Gains and losses related to discontinued hedges that were accumulated in OCI
will remain in OCI until earnings are effected by the hedged item, unless it is
no longer probable that the hedged transaction will occur. Under these
circumstances, gains and losses that were accumulated in OCI will be recognized
immediately in earnings.

         Cumulative Effect of Change in Accounting Principle - The Company
adopted Statement of Financial Accounting Standards (SFAS) No. 133, "Accounting
for Derivative Instruments and Hedging Activities," on January 1, 2001. In
accordance with the transition provisions of SFAS No. 133, the Company recorded
a cumulative-effect adjustment of $0.4 million as a reduction in earnings and a
cumulative-effect adjustment increasing OCI and member's equity by $6.6 million.
For the six months ended June 30, 2001, the Company reclassified to earnings a
$16.4 million loss from OCI for derivatives included in the transition
adjustment for hedge transactions that occurred. The amount reclassified out of
OCI will be different from the amount included in the transition adjustment due
to market price changes since January 1, 2001.

         Currently, there are ongoing discussions surrounding the implementation
and interpretation of SFAS No. 133 by the Financial Accounting Standards Board's
(FASB) Derivative Implementation Group (DIG). If the definition of derivative
instruments is altered, this may result in another transition adjustment and
impact subsequent operating results.

         In June, the FASB cleared Issue C10, "Scope Exceptions: Can Option
Contracts and Forward Contracts with Optionality Features Qualify for the Normal
Purchases and Normal Sales Exception." C10 states that normal purchases and
normal sales exception applies only to contracts that provide for the purchase
or sale of something other than a financial instrument or derivative instrument
that will be delivered in quantities expected to be used or sold over a
reasonable period, in the normal course of business. Therefore, purchased option
contracts (including net purchased options) and written option contracts
(including net written options) that would require delivery of the related asset
at an established price under the contract only if exercised are not eligible to
qualify for the normal purchases and normal sales exception. The Company is
currently evaluating contracts and agreements with embedded optionality
features. Those contracts that include options affecting price are eligible for
the scope exception, but contracts that include options affecting volume are
not.

         The Company does not believe that the adoption of C10 will have a
significant impact on its consolidated results of operations, cash flows or
financial position.

         Income Taxes - At March 31, 2000, the Company converted to a limited
liability company which is a pass-through entity for income tax purposes. As a
result, income taxes going forward will consist primarily of miscellaneous
state, local and franchise taxes. In addition, the Company has Canadian
subsidiaries that are levied certain foreign taxes. The Company follows the
asset and liability method of accounting for income taxes. Deferred taxes are
provided for temporary differences in the tax and financial reporting basis of
assets and liabilities.

         The Company is required to make quarterly distributions to Duke Energy
Corporation (Duke Energy) and Phillips Petroleum Company (Phillips) based on
allocated taxable income. The distribution is based on the highest taxable
income allocated to either member, with the other member receiving a
proportionate amount to maintain the ownership capital accounts at 69.7% for
Duke Energy and 30.3% for Phillips.

         New Accounting Standards -In June 2001, the Financial Accounting
Standards Board issued SFAS No. 141, "Business Combinations," and SFAS No. 142,
"Goodwill and Other Intangible Assets."

         SFAS No. 141 requires all business combinations initiated (as defined
by the standard) after June 30, 2001 to be accounted for using the purchase
method. Companies may no longer use the pooling method for future combinations.

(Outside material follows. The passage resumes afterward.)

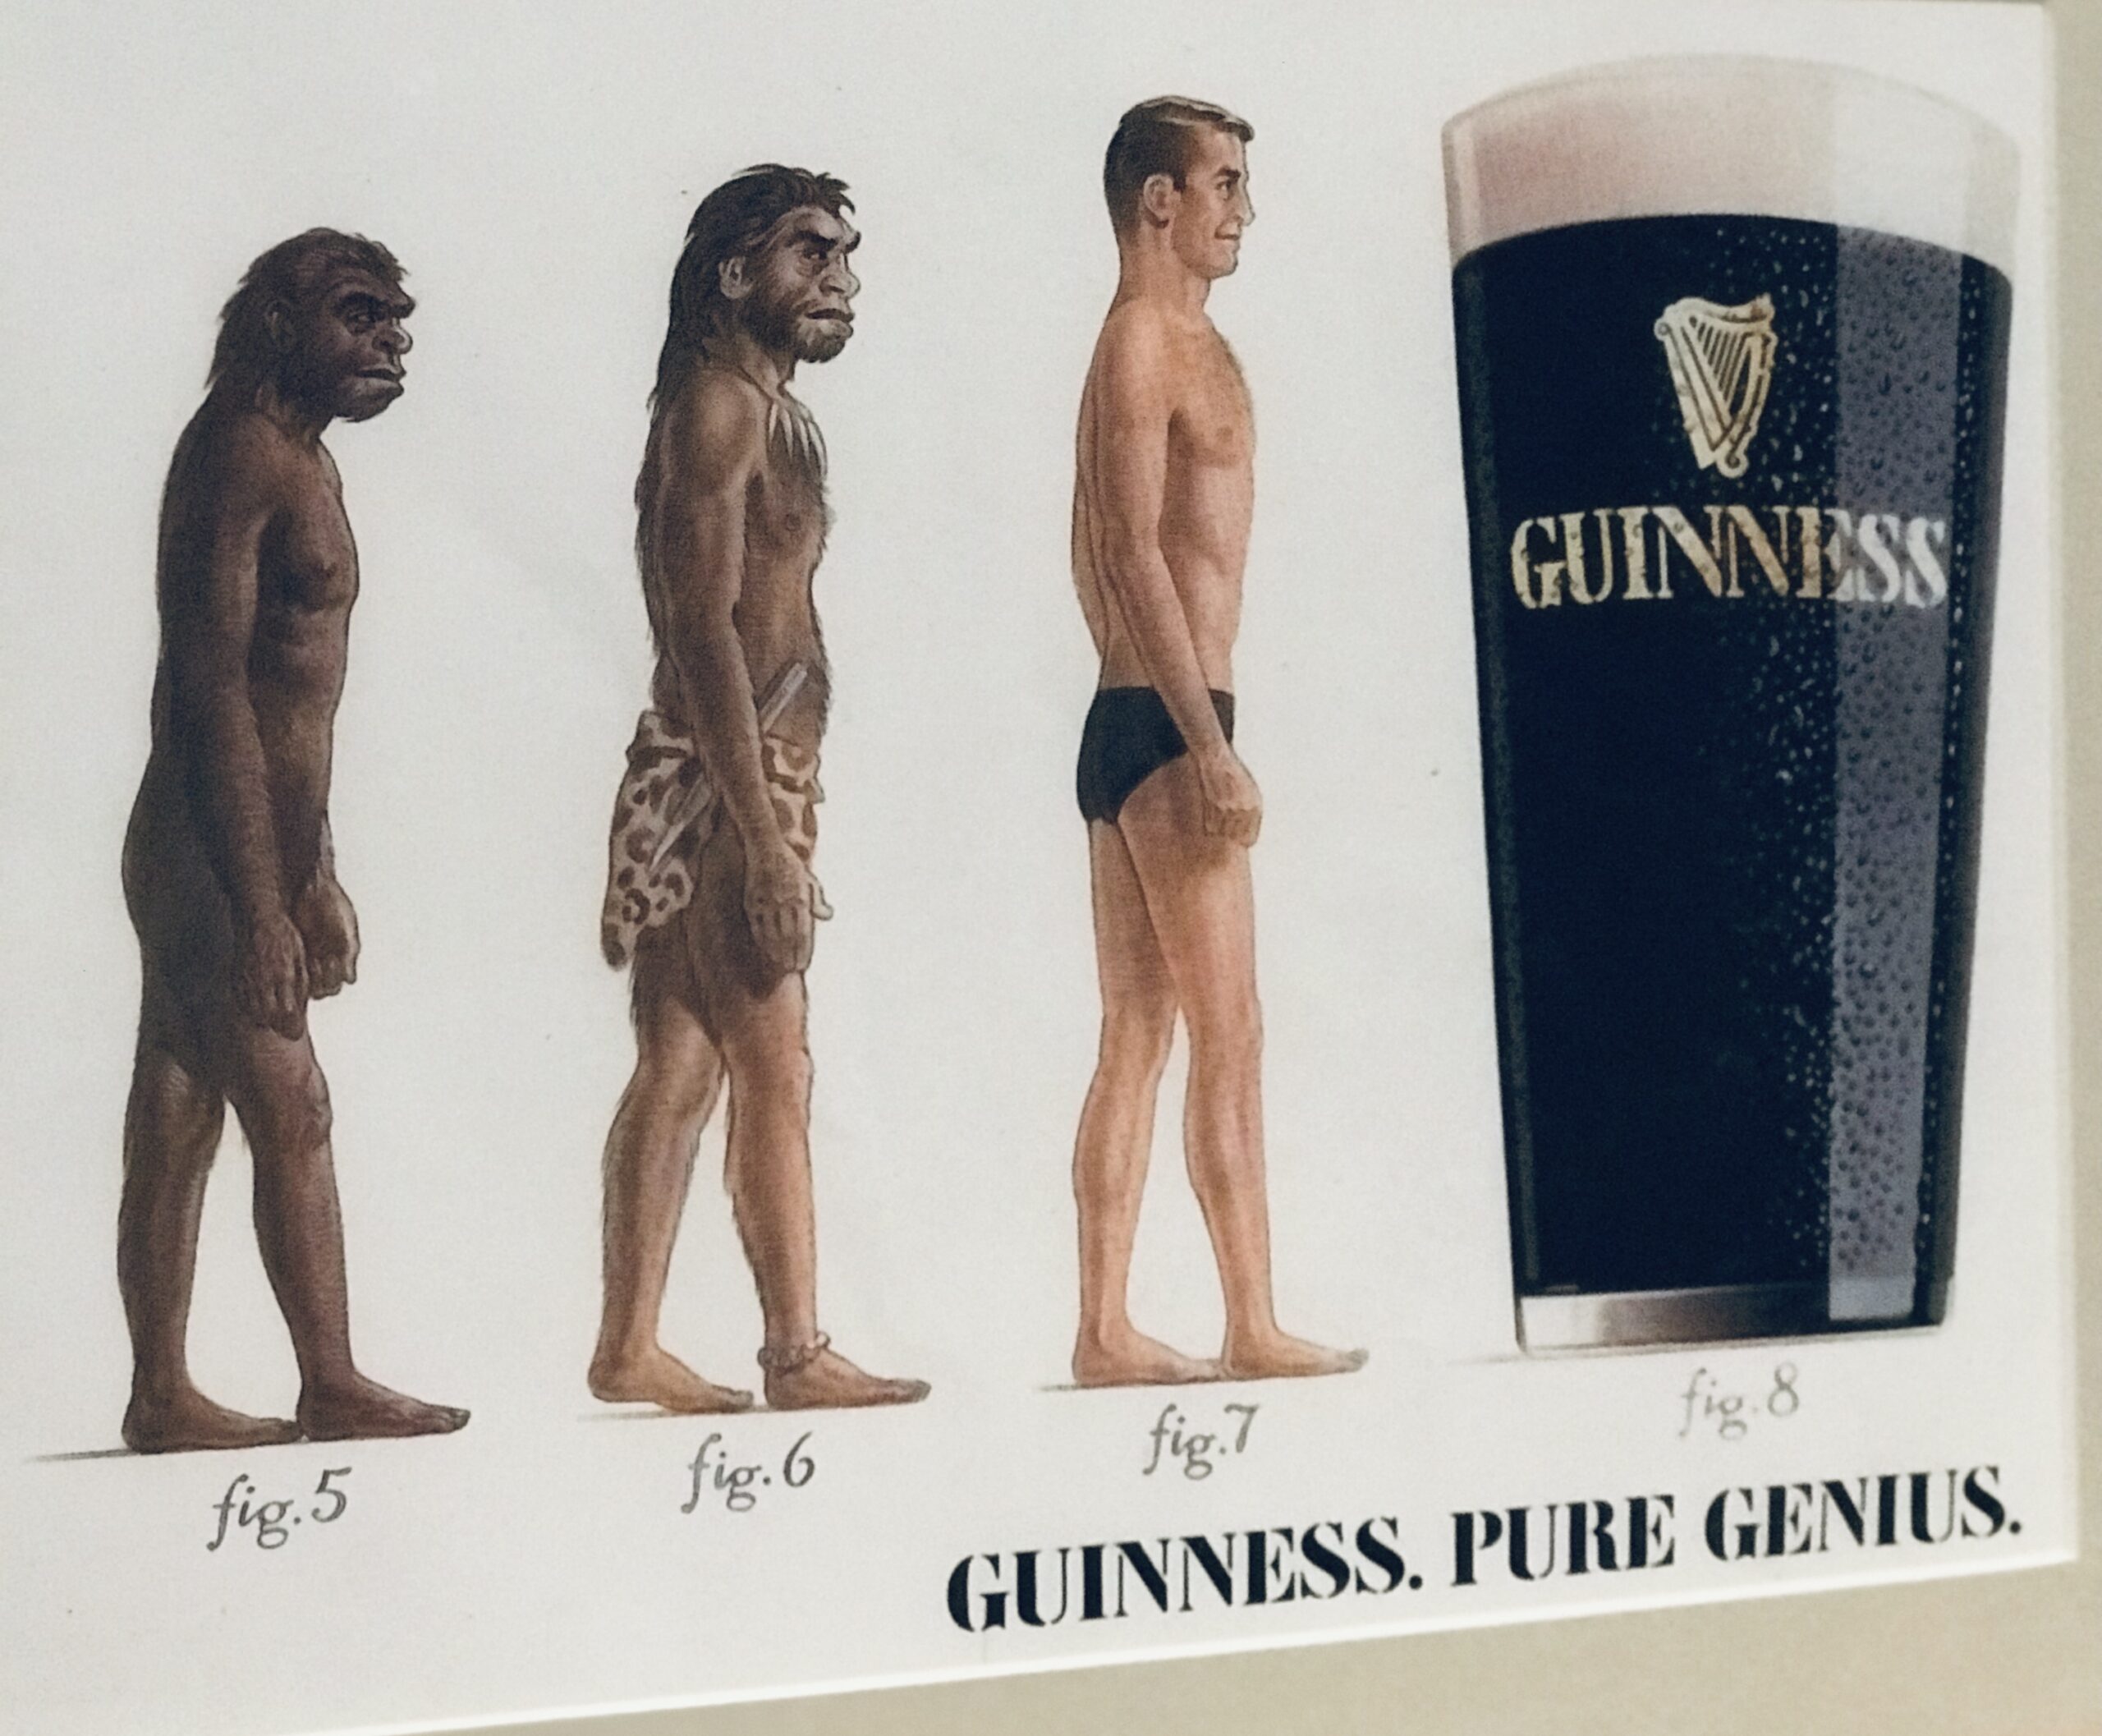 Guinness.Pure Genius Advert - The Irish Pub Emporium

                                       6
   10

         SFAS No. 142 is effective for fiscal years beginning after December 15,
2001 and will be adopted by the Company as of January 1, 2002. SFAS No. 142
requires that goodwill no longer be amortized over an estimated useful life, as
previously required. Instead, goodwill amounts will be subject to a
fair-value-based annual impairment assessment as described by the new standard.
SFAS No. 142 also requires acquired intangible assets to be recognized
separately and amortized as appropriate.

         The Company expects that the adoption of SFAS No. 142 will have an
impact on future financial statements due to the discontinuation of goodwill
amortization expense. For the six months ended June 30, 2001 amortization
expense for goodwill was $6.9 million. The Company is conducting an impairment
assessment at levels defined in the new standard and currently does not have an
estimate of the impact on its consolidated results of operation, cash flows, or
financial position.

         In July 2001, the FASB Board unanimously approved the issuance of FASB
Statement No. 143 (FAS No. 143), Accounting for Obligations Associated with the
Retirement of Long-Lived Assets. FAS No. 143 provides the accounting
requirements for retirement obligations associated with tangible long-lived
assets. FAS No. 143 is effective for fiscal years beginning after June 15, 2002,
and early adoption is permitted. The Company is currently assessing but has not
yet determined the impact of FAS No. 143 on its consolidated results of
operations, cash flows, or financial position.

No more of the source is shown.